Exception: Error when checking model target: expected convolution2d_70 to have shape (None, 1, 36L, 20L) but got array with shape (49L, 1L, 36L, 18L)
from keras.layers import Dense, Input, Convolution2D, MaxPooling2D, UpSampling2D
from keras.models import Model
from os import listdir
import os.path
import numpy as np
import re
versions = !pip freeze
for line in versions:
if re.search('Keras', line):
print line
samples = 100
x = np.ndarray([samples,36,18])
i=0
for i in range(samples):
x[i] = np.random.randint(15, size=(36, 18))
i+=1
#TODO: CREATE A REAL TEST SET
x_train = x[:49]
x_test = x[50:]
print x_train.shape
print x_test.shape
#INPUT LAYER
input_img = Input(shape=(1,x_train.shape[1],x_train.shape[2]))
x = Convolution2D(16, 3, 3, activation='relu', border_mode='same')(input_img)
x = MaxPooling2D((2, 2), border_mode='same')(x)
x = Convolution2D(8, 3, 3, activation='relu', border_mode='same')(x)
x = MaxPooling2D((2, 2), border_mode='same')(x)
x = Convolution2D(8, 3, 3, activation='relu', border_mode='same')(x)

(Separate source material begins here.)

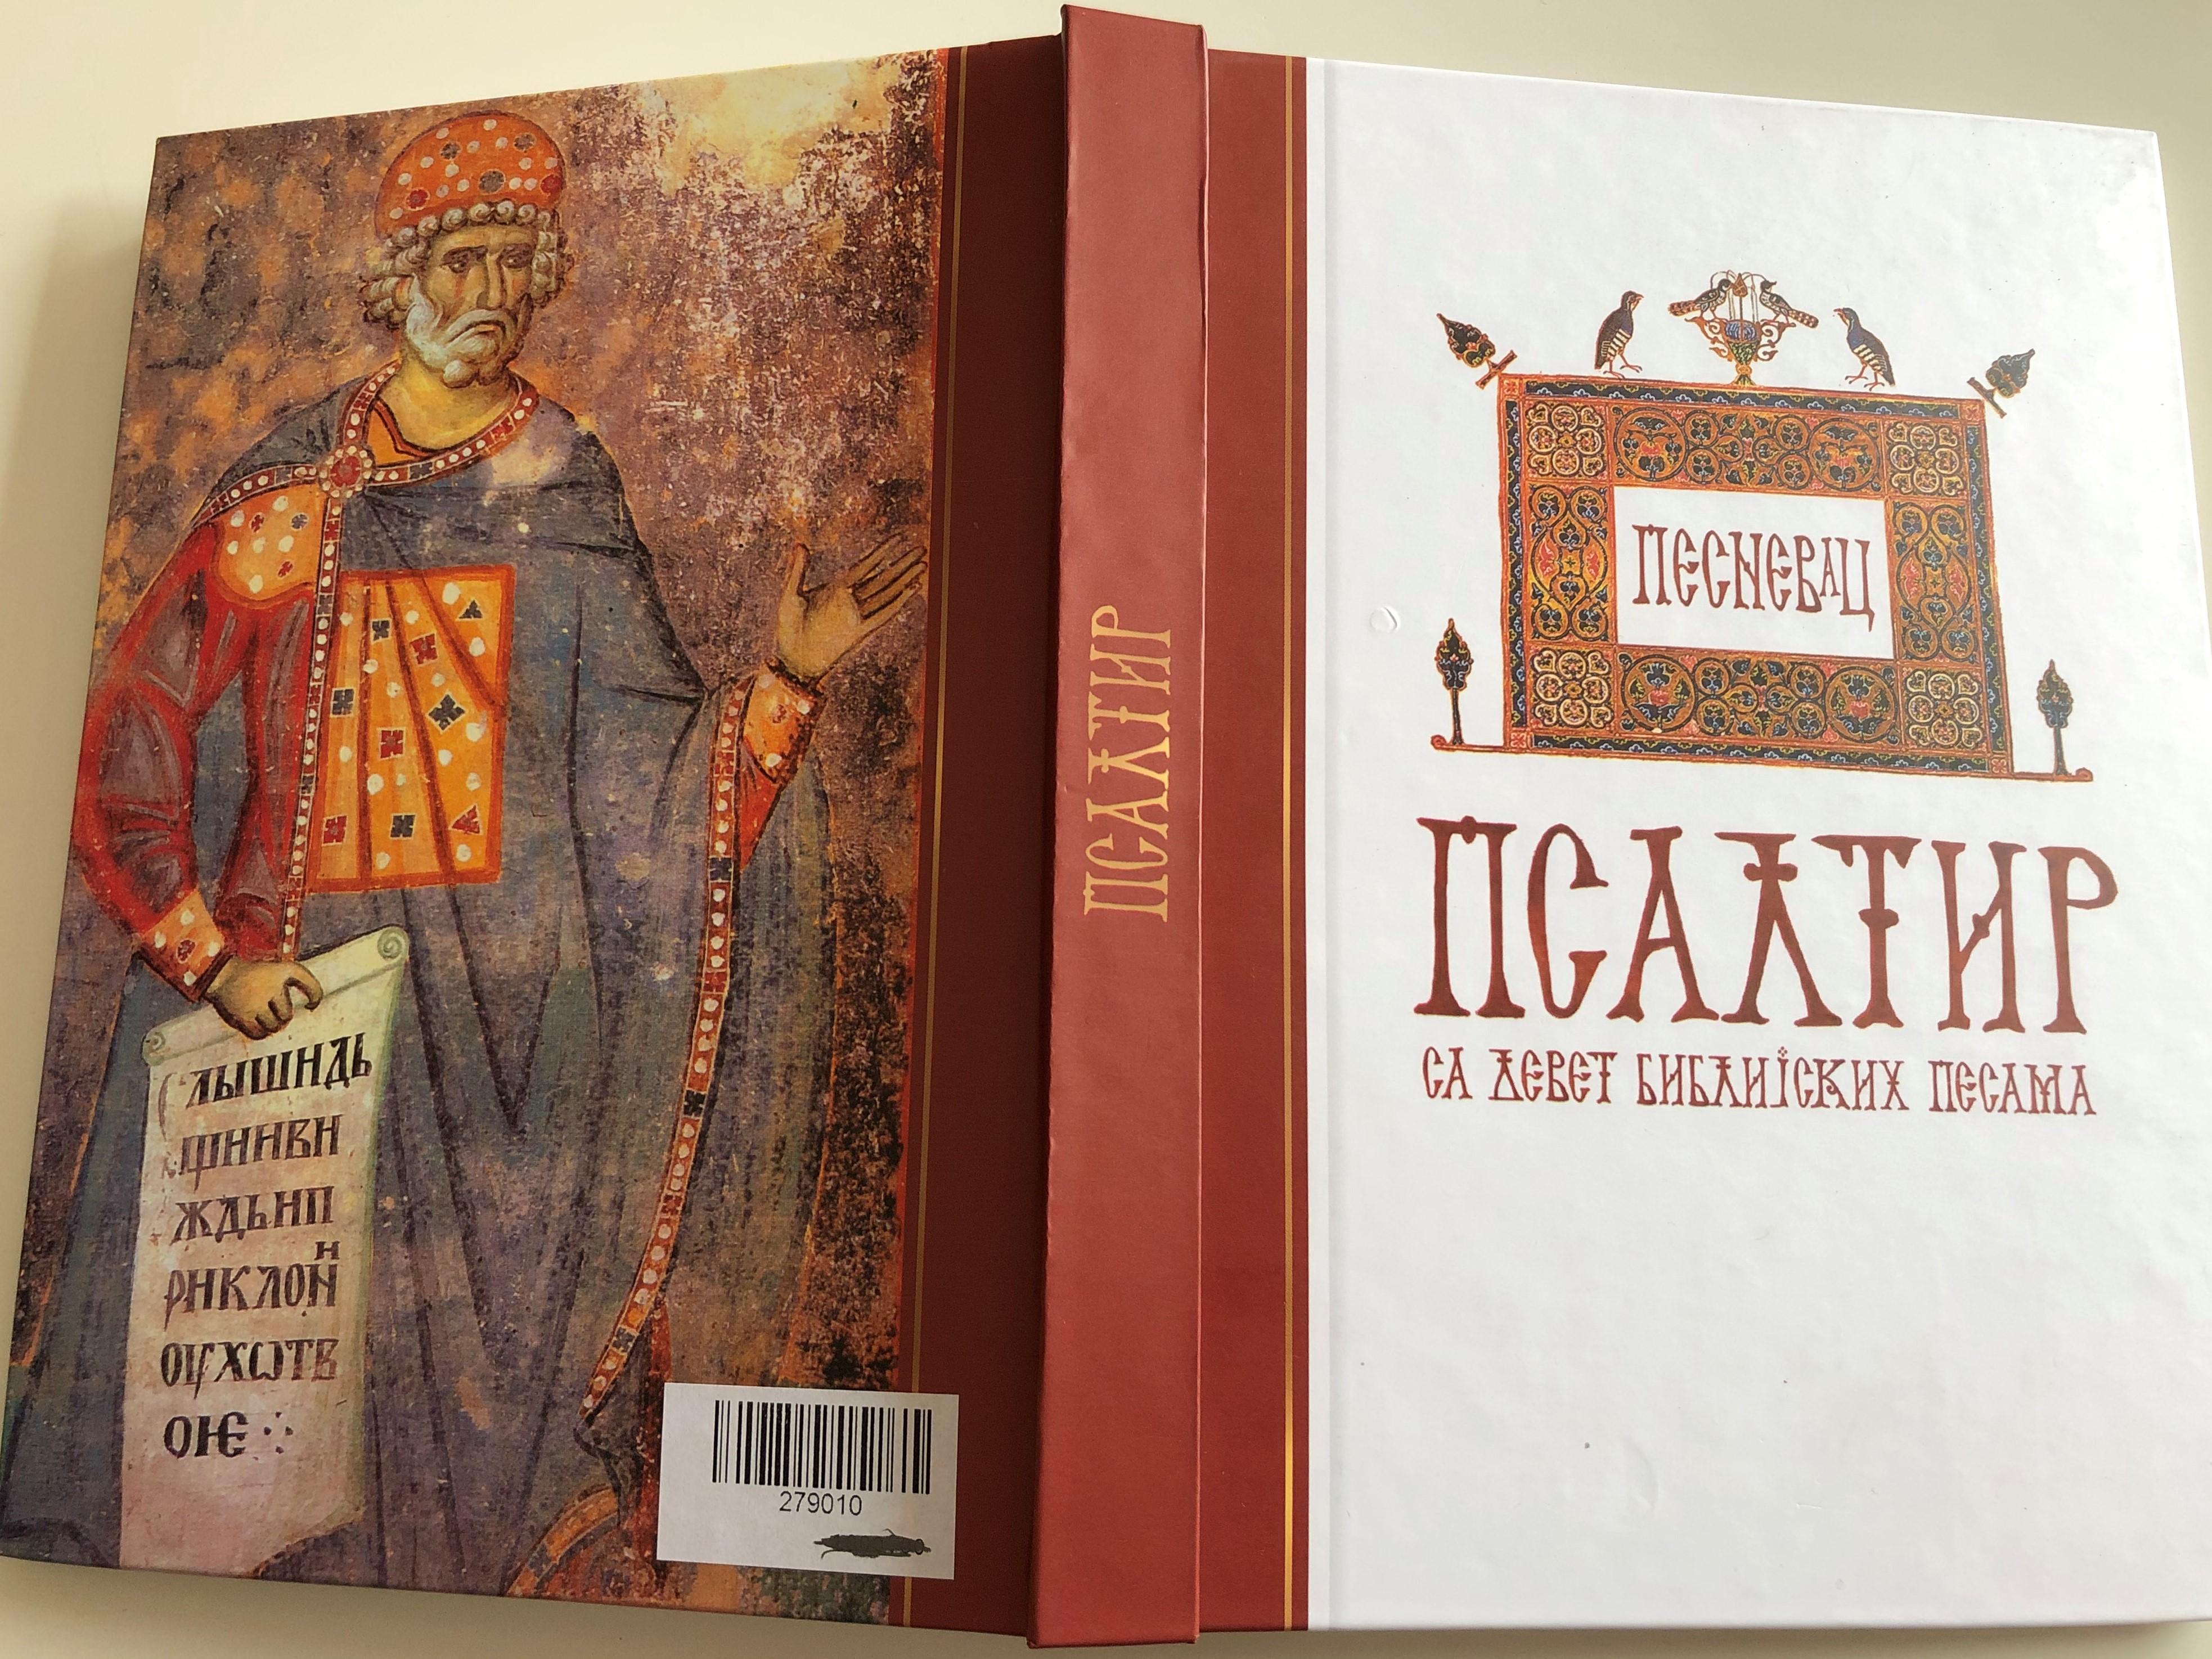 serbian-psalm-book-with-9-biblical-songs-13-.jpg
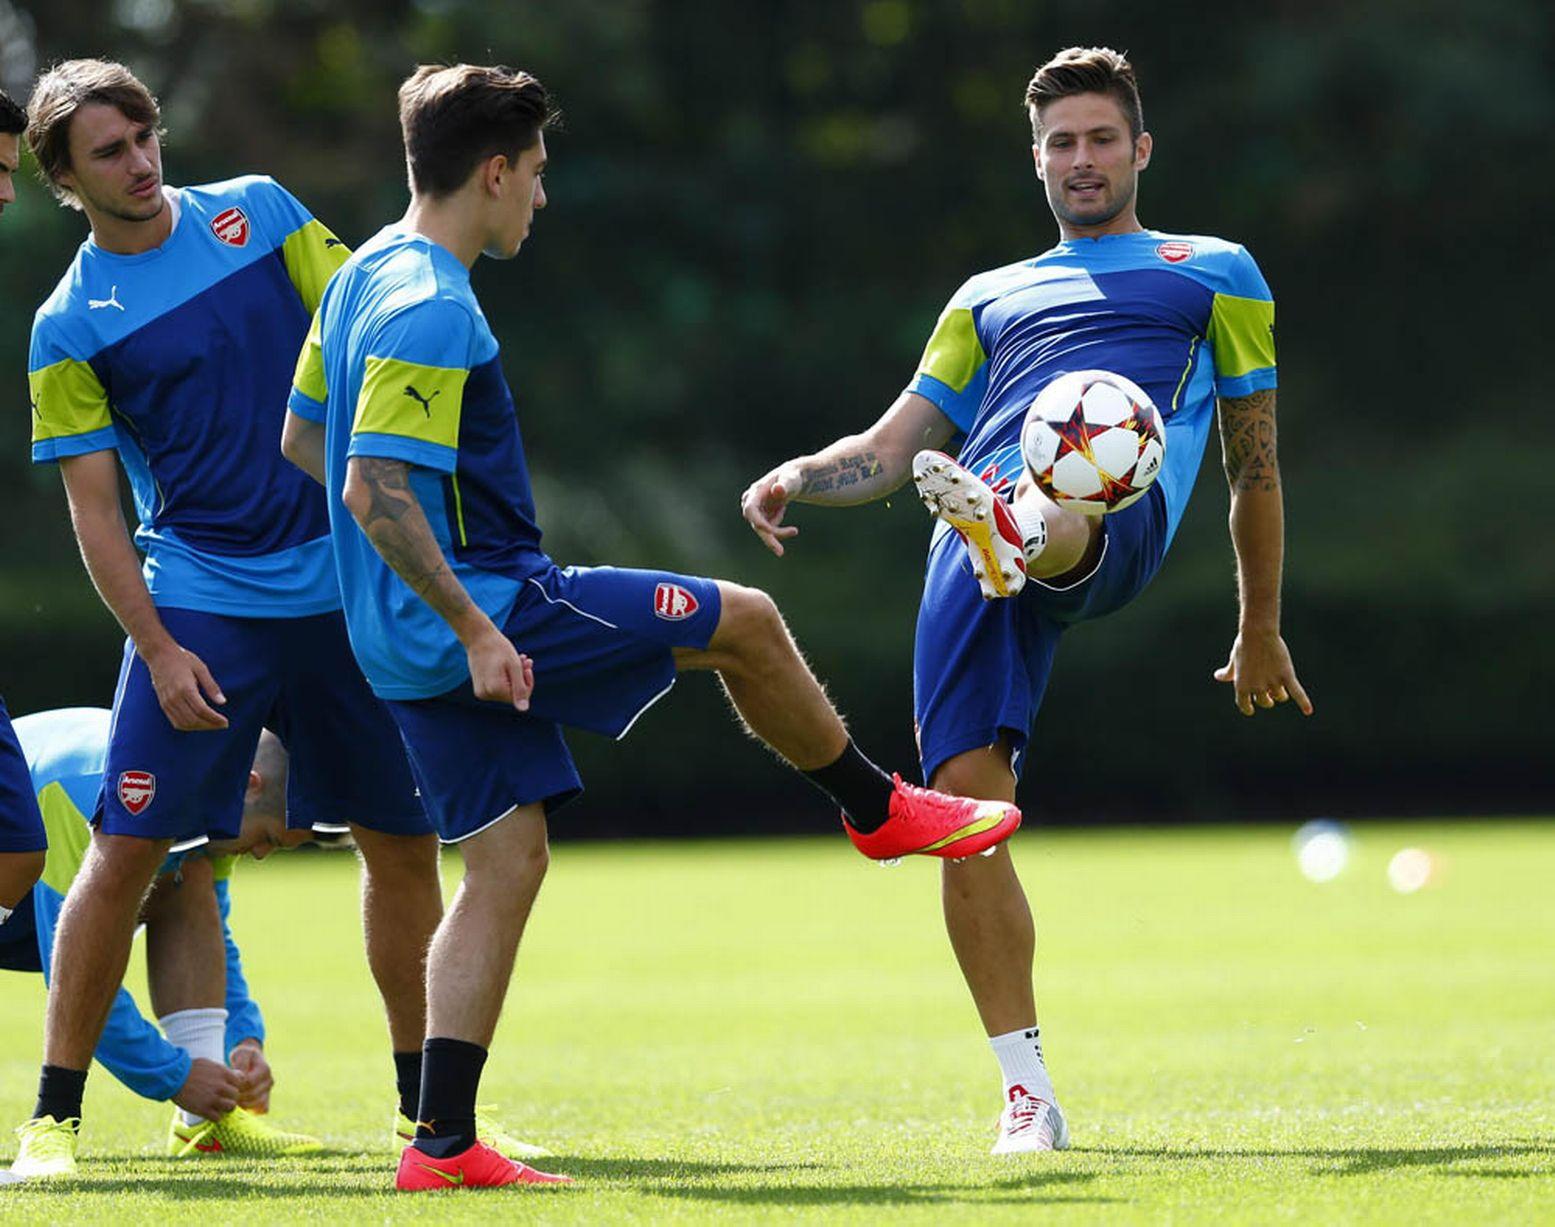 Arsenal-Training-Pics 4

encoded = MaxPooling2D((2, 2), border_mode='same')(x)
# at this point the representation is (8, 4, 4) i.e. 128-dimensional
x = Convolution2D(8, 3, 3, activation='relu', border_mode='same')(encoded)
x = UpSampling2D((2, 2))(x)
x = Convolution2D(8, 3, 3, activation='relu', border_mode='same')(x)
x = UpSampling2D((2, 2))(x)
x = Convolution2D(16, 3, 3, activation='relu')(x)
x = UpSampling2D((2, 2))(x)
decoded = Convolution2D(1, 3, 3, activation='sigmoid', border_mode='same')(x)
#MODEL
autoencoder = Model(input=input_img, output=decoded)
#SEPERATE ENCODER MODEL
encoder = Model(input=input_img, output=encoded)
# create a placeholder for an encoded (32-dimensional) input
encoded_input = Input(shape=(8, 4, 4))
# retrieve the last layer of the autoencoder model
decoder_layer1 = autoencoder.layers[-3]
decoder_layer2 = autoencoder.layers[-2]
decoder_layer3 = autoencoder.layers[-1]
print decoder_layer3.get_config()
# create the decoder model
decoder = Model(input=encoded_input, output=decoder_layer3(decoder_layer2(decoder_layer1(encoded_input))))
#COMPILER
autoencoder.compile(optimizer='adadelta', loss='binary_crossentropy')
autoencoder.summary()
x_train = x_train.astype('float32') / 15.
x_test = x_test.astype('float32') / 15.
x_test = np.reshape(x_test, (len(x_test), 1, x_test.shape[1], x_test.shape[2]))
x_train = np.reshape(x_train, (len(x_train), 1, x_train.shape[1], x_train.shape[2]))
autoencoder.fit(x_train,
x_train,
nb_epoch=5,
batch_size=1,
verbose=True,
shuffle=True,
validation_data=(x_test,x_test))
Notice that in third convolutional layer in decoder you are missing border_mode='same'. This makes your dimensionality mismatch.